Слизеринца словили, арестовав практически сразу, не успел еще даже труп Волдеморта остыть. Бросили в тюрьму, даже не Азкабан — ему было насрать, пусть если бы соседом по камере у него был бы десяток дементоров. Потому что счастья и радости в нем не было вообще. Он ничего не чувствовал, как когда-то, полностью зацементированный в своей оболочке. Только боль и неведение, которые подстрекали друг друга, как старые подружки, собравшиеся за вином субботним вечером.

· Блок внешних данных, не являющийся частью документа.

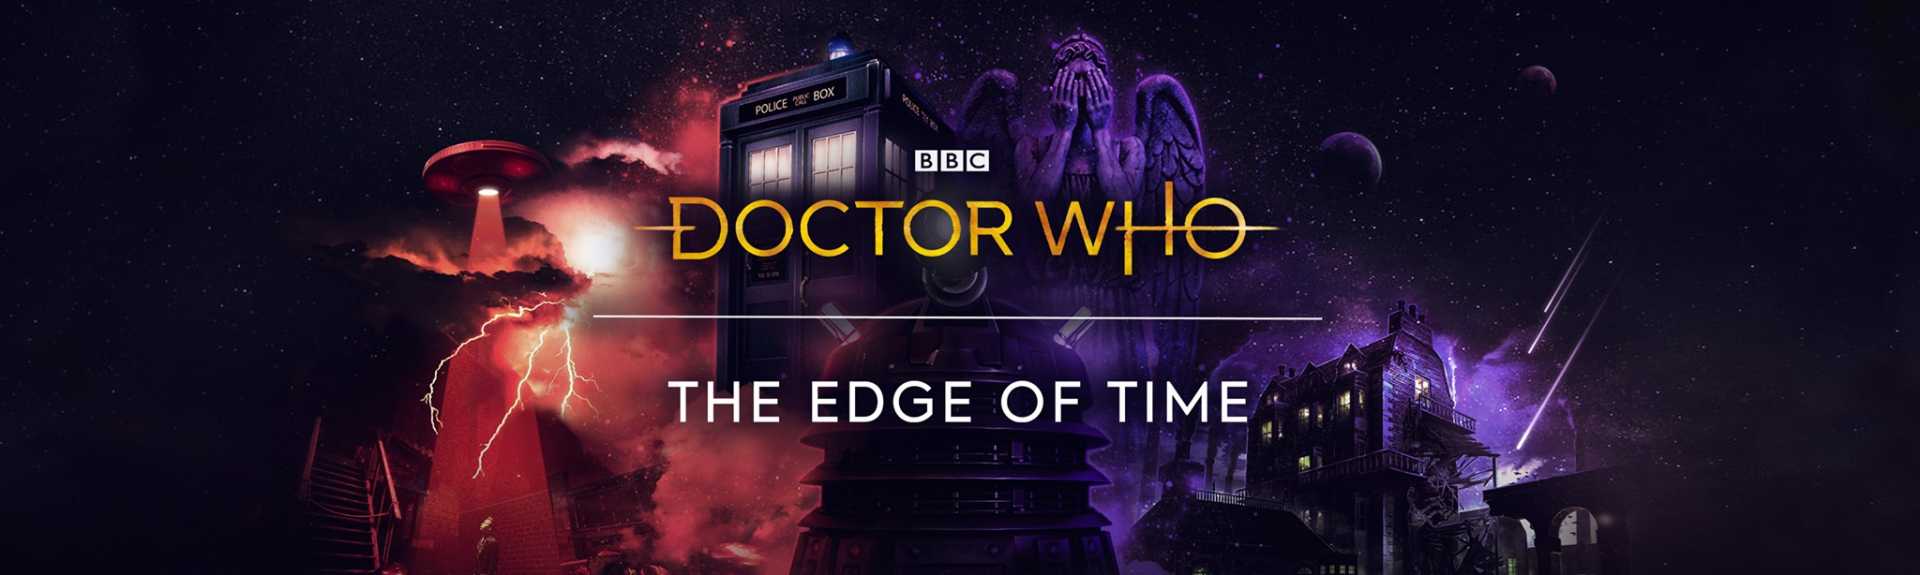 Doctor Who: The Edge of Time: ANÁLISIS

Одно заседание этих прогнивших до самой глубины присяжных, которым место на помойке или у кладбища. Их недовольные, полные отвращения рожи. Вопросы. Большинство о родителях. Это все не имело смысла. Только опустившись на стул подсудимого, он почувствовал, как цепи туго обвили его запястья и лодыжки, но даже на это плевать. Драко искал взглядом в толпе ее. Хоть что-то, очертания, взволнованный голос, готовый отчеканить вызубренный текст, заставить всех чувствовать себя неуютно из-за собственной непроглядной тупости на фоне Грейнджер. Но ее не было. Были лишь сухие слова Макгонагалл и показания Поттера, которые говорили чистую правду. Блейз, которого пропустили на слушание за внушительную взятку из кармана нового ухажера его матери, он уверен.